From February 1938, Germany's authorities demanded that all the Russian clergy in the territories controlled by Germany be under the Karlovci jurisdiction (as opposed to that of Paris-based Eulogius). They insisted that an ethnic German, Seraphim Lade, be put in charge of the Orthodox diocese of Berlin.

===World War II and post-war period===

Timeline of the separations of the ROCOR and some other churches from the ROC

The relationship between members of the ROCOR and the Nazis in the run-up to and during World War II has been an issue addressed by both the church and its critics. Metropolitan Anastassy wrote a letter to Adolf Hitler in 1938, thanking him for his aid to the Russian Diaspora in allowing them to build a Russian Orthodox Cathedral in Berlin and praising his patriotism. This has been defended as an act that occurred when the Metropolitan and others in the church knew "little …of the inner workings of the Third Reich." At the ROCOR Second Church History Conference in 2002, a paper said that "the attempt of the Nazi leadership to divide the church into separate and even inimical church formations was met with internal church opposition."
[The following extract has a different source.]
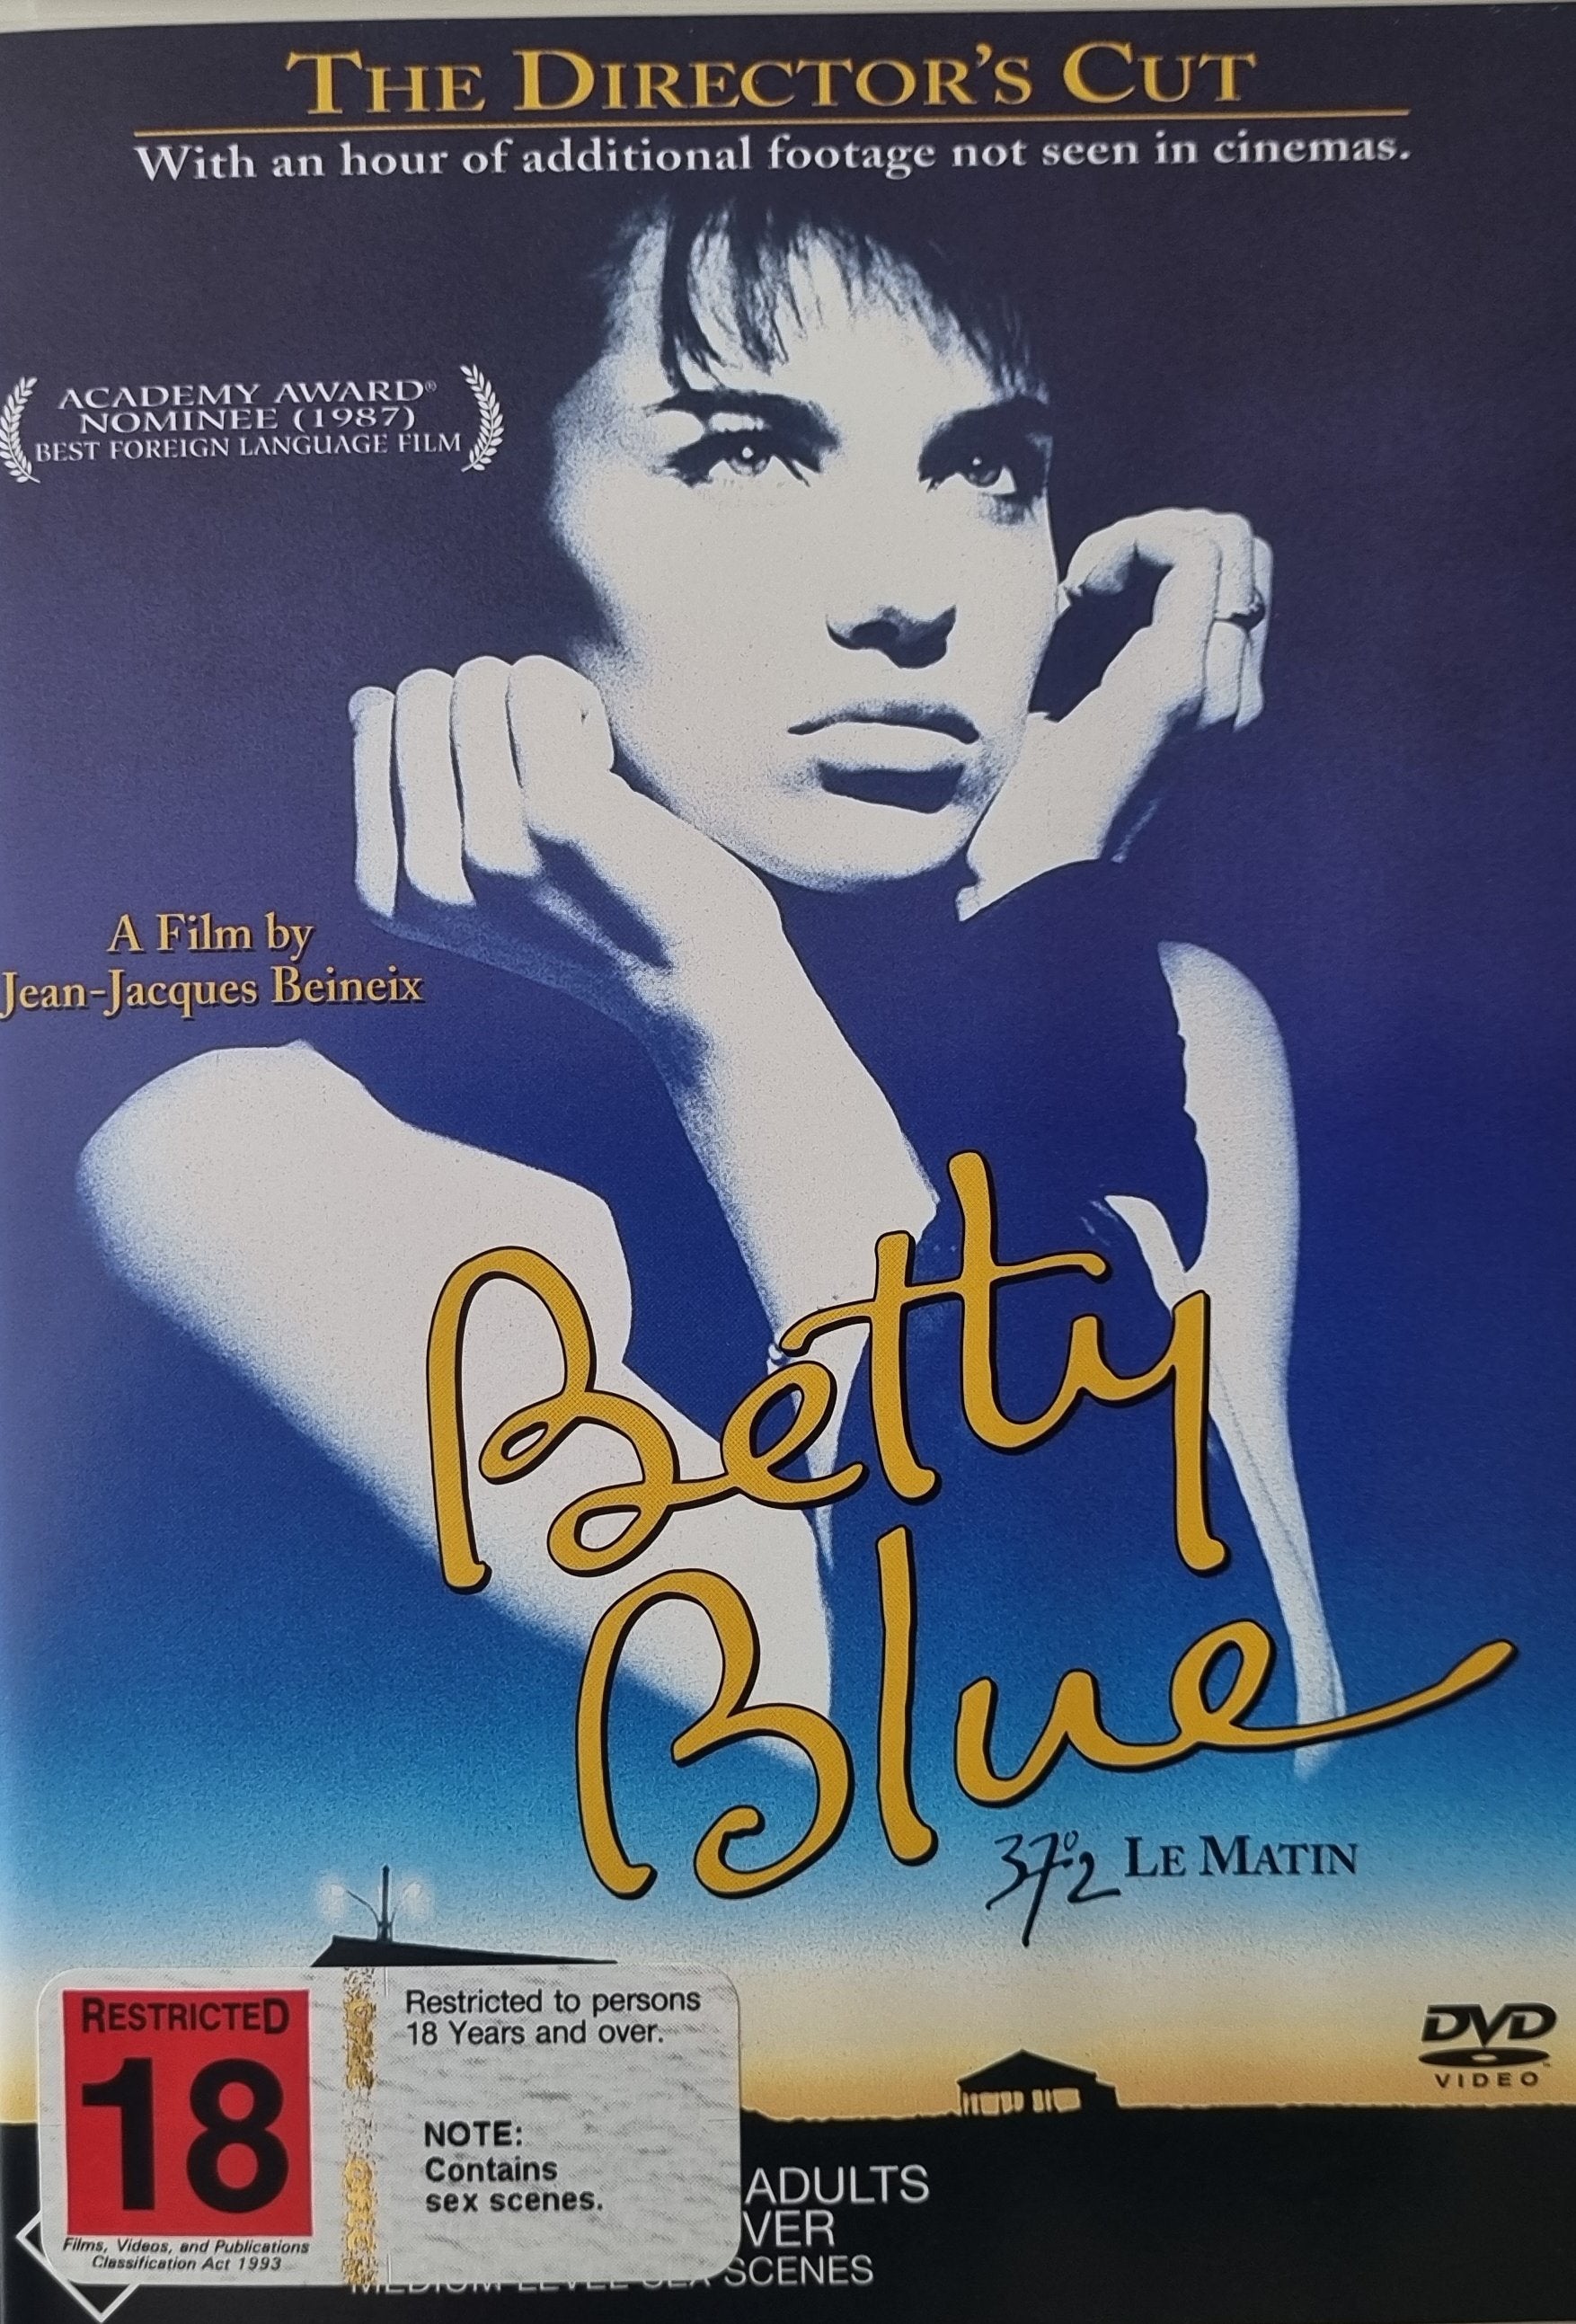 Betty Blue Director's Cut (DVD)

Meanwhile, the USSR leadership's policies towards religion in general, as well as policy towards the Moscow Patriarchate's jurisdiction in the USSR, changed significantly. In early September 1943, Joseph Stalin met at the Kremlin with a group of three surviving ROC metropolitans headed by Sergius (Stragorodsky). He allowed the Moscow Patriarchate to convene a council and elect a Patriarch, open theological schools, and reopen a few previously closed major monasteries and some churches (said institutions had been reopened in territory occupied by Germany). The Soviet government decisively sided with the Moscow Patriarchate, while the so-called Obnovlentsi ("Renovationists," i.e. the modernist, pro-Soviet current in the ROC), previously favored by the authorities, were sidelined; their proponents were disappeared shortly after. These developments did not change the mutual rejection between the Moscow Patriarchate and the ROCOR leaderships.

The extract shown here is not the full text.